Birders flock to Fairview Community to see Swallow-tailed Kites

A Swallow-tailed Kite gracefully glides through the skies above Habersham County's Fairview Community on Saturday, July 30, 2022. A small flock of these raptors has taken up temporary residence in the area ahead of their migration south. They're expected to stay in the area through mid-August. (photo by Joe Berry)

Their black and white markings and tails are distinctive. They glide on the wind with pure grace. They’re a spectacle in the sky and somewhat unique to this region, and they’re here, for now, in Habersham County.

A group of Swallow-tailed Kites has taken up temporary residence in the skies above the Fairview Community. It’s one of a number of Northeast Georgia locales where these buoyant birds are fattening up for their winter migration. In a few weeks, they’ll fly south to tropical climates in Florida and Central and South America.

‘Most graceful bird’

Joe Berry, of Eastanollee, is a UGA-certified Master Naturalist and a well-regarded nature photographer. He recently traveled to Habersham County to capture images of these birds in flight.

“The Swallow-tailed Kites are the most graceful flying bird that I have seen in person, so, I was hooked to get their images in flight,” he tells Now Habersham.

The graceful Swallow-tailed Kite is a coastal bird that breeds along the Florida and South Carolina coasts. It travels inland to northern Georgia from late summer to early fall before heading south for the winter. (photo by Joe Berry)

Berry was enthralled the first time he saw Kites two years ago in Banks County. He’s seen them twice since – at his neighbor’s pasture in Stephens County in 2021 and this past weekend in Habersham. He tracked the Swallow-tailed Kites to Fairview through an online bird-watching group and traveled to see them on July 30. There, he found himself among a group of half a dozen photographers. They had all traveled to the fork in the road at GA 105 and Fairview School Road to capture nature in motion.

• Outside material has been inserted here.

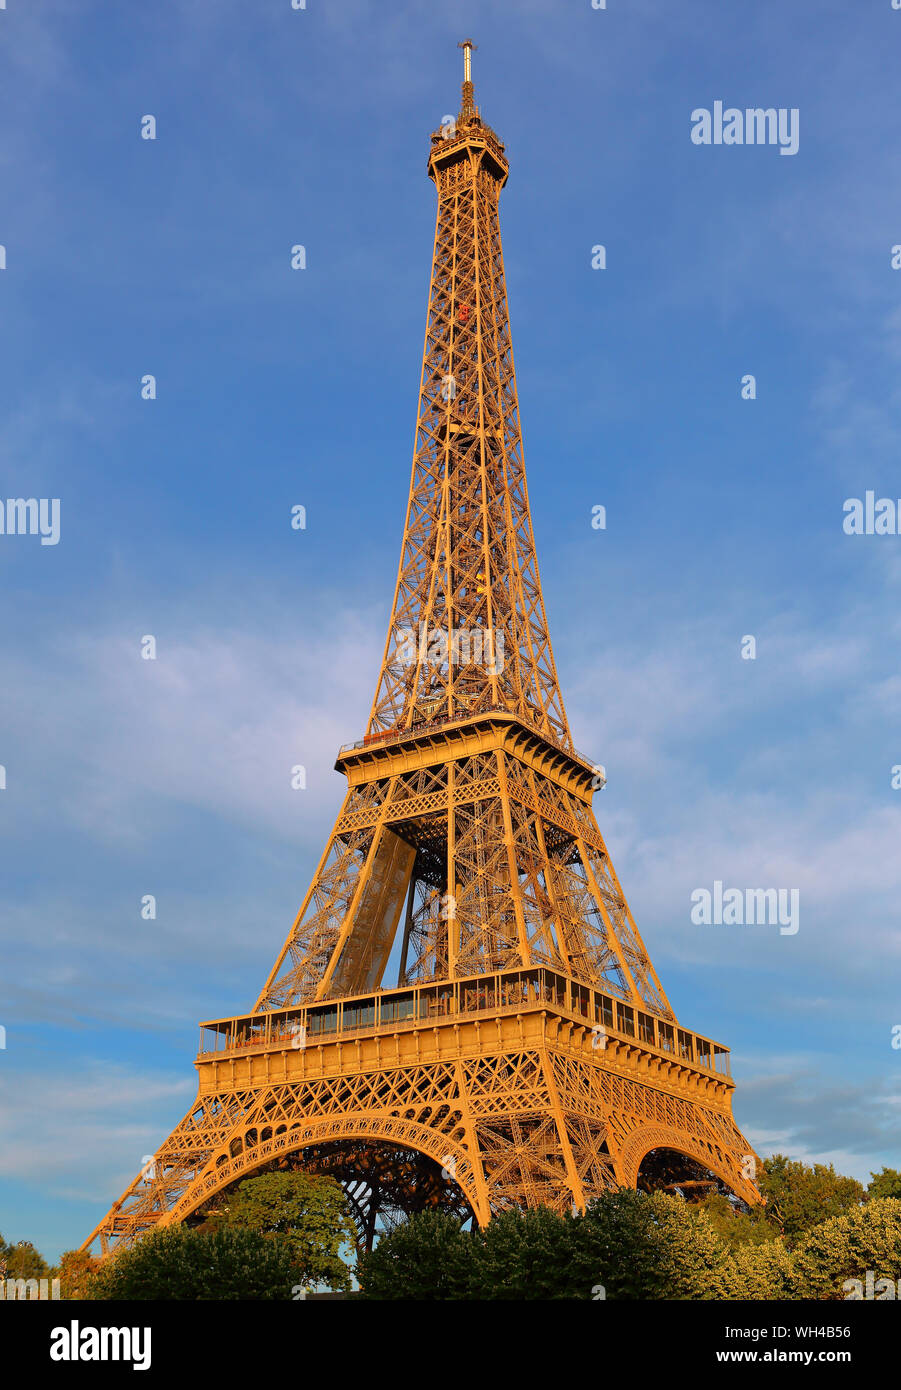 Vue de la Tour Eiffel depuis la Seine couleur Ocre brun Architektur métallique XIXeme siècle étages Tourisme Website ciel bleu soleil Bögen Stockfoto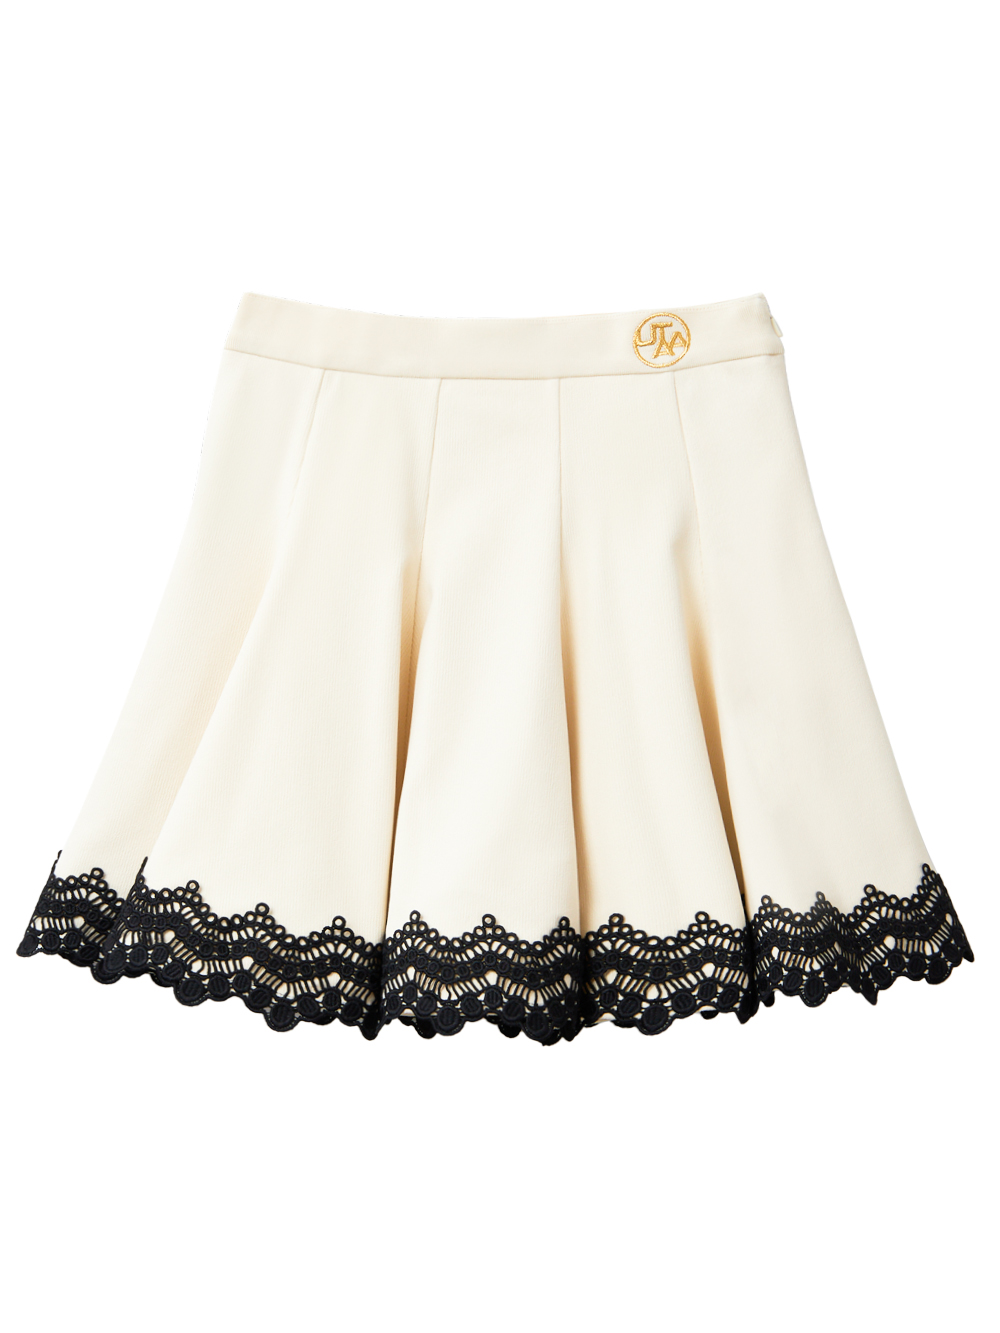 UTAA Punching Lace Flare Skirt  : Ivory (UC4SSF210IV)

“People were stopping and asking what we were looking at,” he recalls.

Open land and skies

Joe Berry’s nature photography is on display at the Leon and Rachel Gathany Museum of Natural History at Toccoa Falls College. He’s donated prints and canvasses to the Elachee Nature and Science Center in Oakwood. At Elachee, he trained as a Master Naturalist and became acquainted with its now-former education director, Peter Gordon.

Gordon is well-versed in the flight patterns and habits of the Swallow-tailed Kite. He’s been birding since the early 90s and says sightings of these coastal birds in Northeast Georgia have increased in recent years. The swallow-tails, and their smaller, less vividly-marked cousins, Mississippi Kites, visit the region in late summer and early fall. If you’re lucky, you may catch a glimpse of them soaring above hayfields and fallowed farmlands eating insects they pluck out of mid-air.

A Swallow-tailed Kite enjoys ‘in-flight dining’ after catching a grasshopper in mid-air. These raptors eat other types of flying insects, as well as snakes, lizards, treefrogs, nestling birds, eggs and fruit, according to Audobon. (photo by Joe Berry)

“They love to come when the farmers are cutting hay and the insects are stirred up –  locusts, June bugs, cicadas,” Gordon says. “They head west into our area and then south to their winter grounds back to Florida or Central or South America. It’s all part of a migration that happens twice a year. This is a little side trip to this area. They don’t belong up here, but they show up in this waiting period.”

Kites can be found in northern Georgia, generally, from late summer to early fall. It would be rare to see them any other time of year, Gordon says. The birds now in Habersham are likely to stay through at least mid-August. During this ‘waiting period,’ Northeast Georgians have an opportunity to witness these remarkable creatures up close. Unlike birds indigenous to this area, Swallow-tailed Kites rarely flap their wings, instead, they glide, using their deeply-forked tails as rudders. They frequently turn their tails while flying, sometimes to nearly 90 degrees, to maintain their flight path, veer sharply, or circle.

Neither Berry nor Gordon can say for certain what is driving these birds deeper into northern Georgia, but changes in climate and habitat appear to play a role. According to the American Bird Conservancy website, habitat loss, in part due to development, remains the main threat to this species.

Swallow-tailed Kites in the skies above Fairview, July 30, 2022. (photo by Joe Berry)

“There’s a field where I spotted them several years ago near Talmo in Jackson County,” Gordon says, “and now there’s a big factory being built in that field.”

Scientists with the National Audubon Society have used 140 million bird observations and sophisticated climate models to project how climate change will affect the Swallowed-tailed Kites’ range in the future.

As new housing developments continue to crop up across Habersham (two are just down the road from where the Kites are) one wonders how many more years birders and casual sky gawkers will have to enjoy this spectacle in the skies above Fairview. But for now, the bugs seem plentiful and the Swallow-tailed Kites seem content, and that gives us all one more reason to keep lookin’ up.